=== Exercise inputs ===
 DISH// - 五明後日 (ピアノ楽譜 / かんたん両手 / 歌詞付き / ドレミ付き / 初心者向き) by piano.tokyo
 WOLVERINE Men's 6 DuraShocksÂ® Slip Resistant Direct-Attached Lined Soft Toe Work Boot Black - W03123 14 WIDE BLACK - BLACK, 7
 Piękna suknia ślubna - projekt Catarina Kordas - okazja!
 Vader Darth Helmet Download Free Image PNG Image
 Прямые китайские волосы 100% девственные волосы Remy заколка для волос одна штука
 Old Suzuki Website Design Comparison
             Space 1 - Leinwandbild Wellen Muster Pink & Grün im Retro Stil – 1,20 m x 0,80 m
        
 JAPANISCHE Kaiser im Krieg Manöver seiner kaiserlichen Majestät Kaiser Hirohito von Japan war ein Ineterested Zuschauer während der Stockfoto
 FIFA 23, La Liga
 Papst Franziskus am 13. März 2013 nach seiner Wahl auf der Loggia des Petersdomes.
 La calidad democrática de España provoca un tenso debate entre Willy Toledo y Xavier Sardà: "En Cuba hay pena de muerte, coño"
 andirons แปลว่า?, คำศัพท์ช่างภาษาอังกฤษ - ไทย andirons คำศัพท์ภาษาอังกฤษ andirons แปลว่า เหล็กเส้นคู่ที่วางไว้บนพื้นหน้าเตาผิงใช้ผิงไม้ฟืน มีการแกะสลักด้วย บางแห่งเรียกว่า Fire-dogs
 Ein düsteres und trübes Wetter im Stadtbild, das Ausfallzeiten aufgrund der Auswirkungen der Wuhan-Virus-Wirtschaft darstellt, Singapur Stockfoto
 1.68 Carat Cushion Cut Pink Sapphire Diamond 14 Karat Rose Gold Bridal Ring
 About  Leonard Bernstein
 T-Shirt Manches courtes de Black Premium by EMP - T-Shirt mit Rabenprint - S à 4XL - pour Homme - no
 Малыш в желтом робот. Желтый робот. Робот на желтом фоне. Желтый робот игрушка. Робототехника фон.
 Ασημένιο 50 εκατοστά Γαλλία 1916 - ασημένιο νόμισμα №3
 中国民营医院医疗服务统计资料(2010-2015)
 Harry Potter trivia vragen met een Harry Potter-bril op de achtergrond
===
■ **Instructions for the task**
Would you return all of the material exactly as written?

■ **Response to the exercise**
 DISH// - 五明後日 (ピアノ楽譜 / かんたん両手 / 歌詞付き / ドレミ付き / 初心者向き) by piano.tokyo
 WOLVERINE Men's 6 DuraShocksÂ® Slip Resistant Direct-Attached Lined Soft Toe Work Boot Black - W03123 14 WIDE BLACK - BLACK, 7
 Piękna suknia ślubna - projekt Catarina Kordas - okazja!
 Vader Darth Helmet Download Free Image PNG Image
 Прямые китайские волосы 100% девственные волосы Remy заколка для волос одна штука
 Old Suzuki Website Design Comparison
             Space 1 - Leinwandbild Wellen Muster Pink & Grün im Retro Stil – 1,20 m x 0,80 m
        
 JAPANISCHE Kaiser im Krieg Manöver seiner kaiserlichen Majestät Kaiser Hirohito von Japan war ein Ineterested Zuschauer während der Stockfoto
 FIFA 23, La Liga
 Papst Franziskus am 13. März 2013 nach seiner Wahl auf der Loggia des Petersdomes.
 La calidad democrática de España provoca un tenso debate entre Willy Toledo y Xavier Sardà: "En Cuba hay pena de muerte, coño"
 andirons แปลว่า?, คำศัพท์ช่างภาษาอังกฤษ - ไทย andirons คำศัพท์ภาษาอังกฤษ andirons แปลว่า เหล็กเส้นคู่ที่วางไว้บนพื้นหน้าเตาผิงใช้ผิงไม้ฟืน มีการแกะสลักด้วย บางแห่งเรียกว่า Fire-dogs
 Ein düsteres und trübes Wetter im Stadtbild, das Ausfallzeiten aufgrund der Auswirkungen der Wuhan-Virus-Wirtschaft darstellt, Singapur Stockfoto
 1.68 Carat Cushion Cut Pink Sapphire Diamond 14 Karat Rose Gold Bridal Ring
 About  Leonard Bernstein
 T-Shirt Manches courtes de Black Premium by EMP - T-Shirt mit Rabenprint - S à 4XL - pour Homme - no
 Малыш в желтом робот. Желтый робот. Робот на желтом фоне. Желтый робот игрушка. Робототехника фон.
 Ασημένιο 50 εκατοστά Γαλλία 1916 - ασημένιο νόμισμα №3
 中国民营医院医疗服务统计资料(2010-2015)
 Harry Potter trivia vragen met een Harry Potter-bril op de achtergrond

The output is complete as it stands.